The defendants were also entitled to summary judgment on Nifas’s excessive force and
failure to intervene claims. In reviewing excessive force claims in the context of the Eighth
Amendment, we look to whether “force was applied in a good-faith effort to maintain or
restore discipline, or maliciously and sadistically to cause harm.” Hudson v. McMillian,
503
U.S. 1, 14 (1992). In conducting that inquiry, we examine the need for the application of
force, the relationship between the need and the amount of force used, the extent of injury
inflicted, the extent of the threat to the safety of staff and inmates, and any efforts to temper the
severity of a forceful response. See Brooks v. Kyler,
204 F.3d 102, 106 (3d Cir. 2000). Here,
4
Nifas alleged that Rodriguez sprayed cleaning solvent in his eyes and officers responded by
ramming Nifas’s head into a steel doorway and forcefully jumping on his back and shoulder.

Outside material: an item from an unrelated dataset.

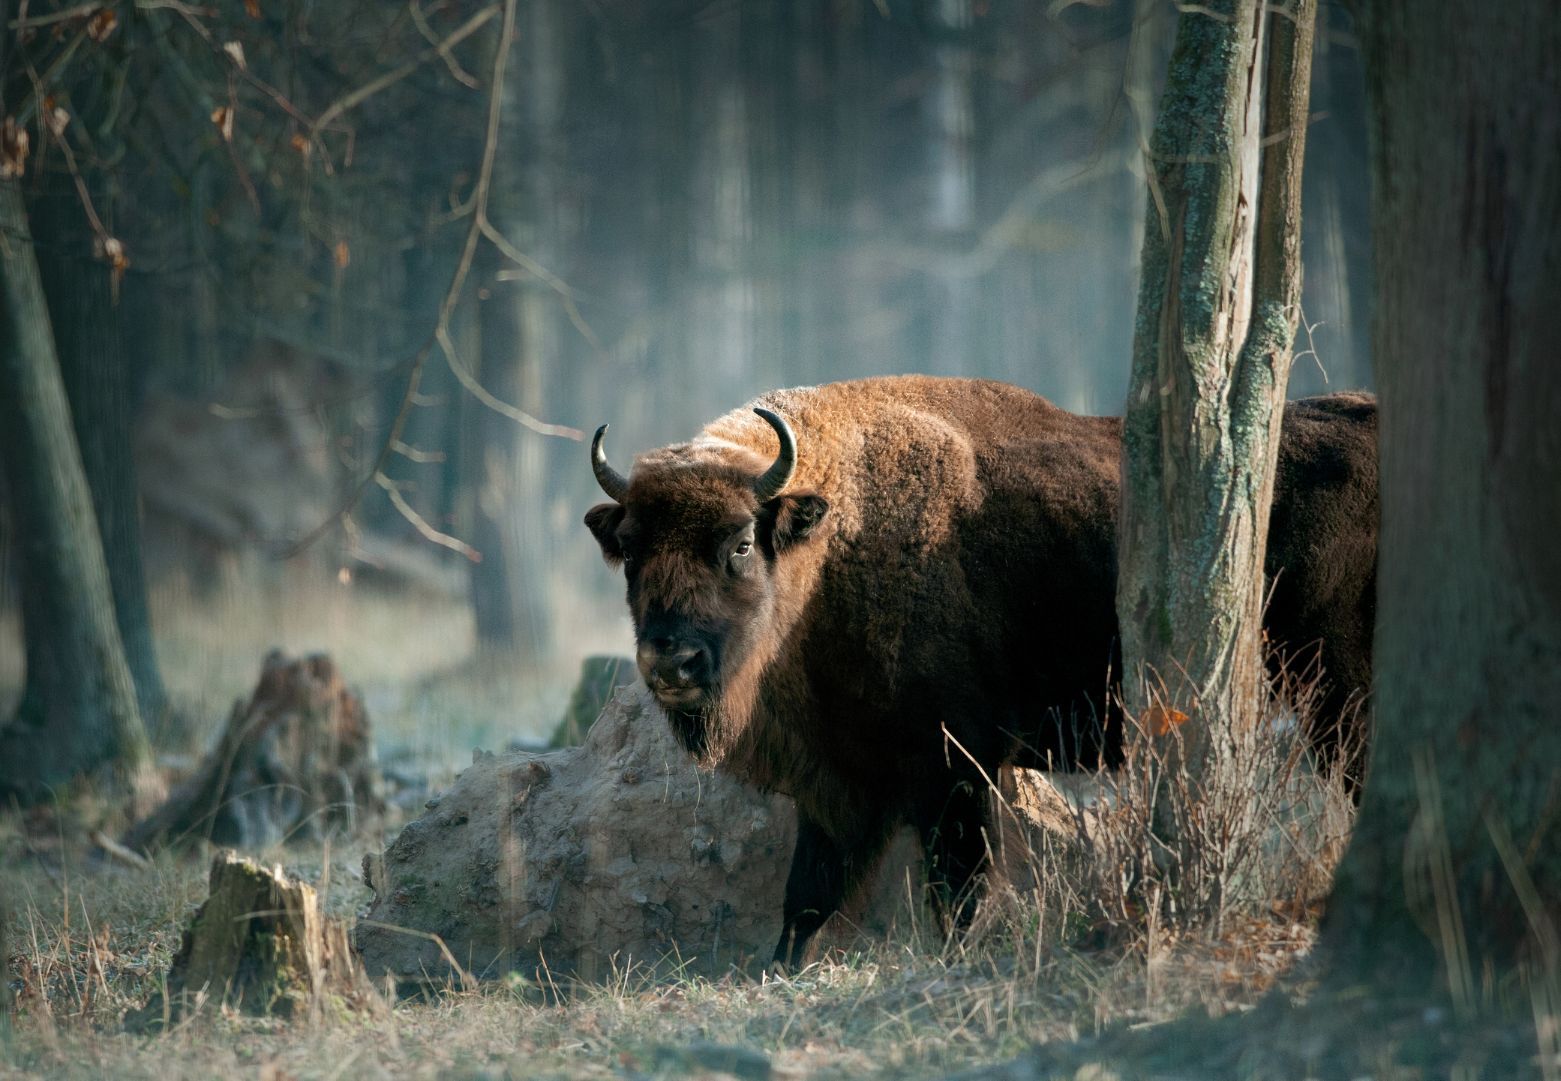 A European bison, walking through a shady forest.

A video recording of the incident, however, shows that Nifas was the initial aggressor in the
altercation with Rodriguez and that corrections officers responded with an objectively
reasonable amount of force in order to subdue him and restore discipline.3 Because we find
that no constitutional violation occurred with respect to excessive force, Nifas also cannot
succeed on his failure to intervene claims. See Smith v. Mensinger,
293 F.3d 641, 650 (3d Cir.
2002).
Finally, the defendants were entitled to summary judgment on Nifas’s medical treatment
claims. In order to succeed on an Eighth Amendment claim for failure to provide adequate
medication treatment, an inmate must demonstrate that prison officials were deliberately
indifferent to his serious medical needs. See Estelle v. Gamble,
429 U.S. 97, 104-05 (1976).
Here, the record reflects that Nifas received prompt medical treatment for minor injuries,
which included scrapes and cuts, resulting from the officers’ unplanned use of force following
the incident with Rodriguez. The undisputed facts do not demonstrate a constitutional
violation with respect to either deliberate indifference or a serious medical need. See Brooks
v. Kyler,
204 F.3d 102, 105 n.4 (3d Cir. 2000).
3
Nifas has filed a motion in this Court “for leave to file declaration from a witness and two
exhausted grievances in support of appeal,” contending that the video recording of the incident
with Rodriguez had been “altered and important evidence was deleted.” He maintains that the
District Court erred in granting summary judgment on this claim because a material factual
dispute exists with respect to whether he or Rodriguez started the altercation and the types of
force subsequently employed by corrections officers. The motion is denied, as Nifas never
presented such evidence of video tampering to the District Court. See Theriot v. Parish of
Jefferson,
185 F.3d 477, 491 n.26 (5th Cir. 1999).
5
Accordingly, the judgment of the District Court is affirmed.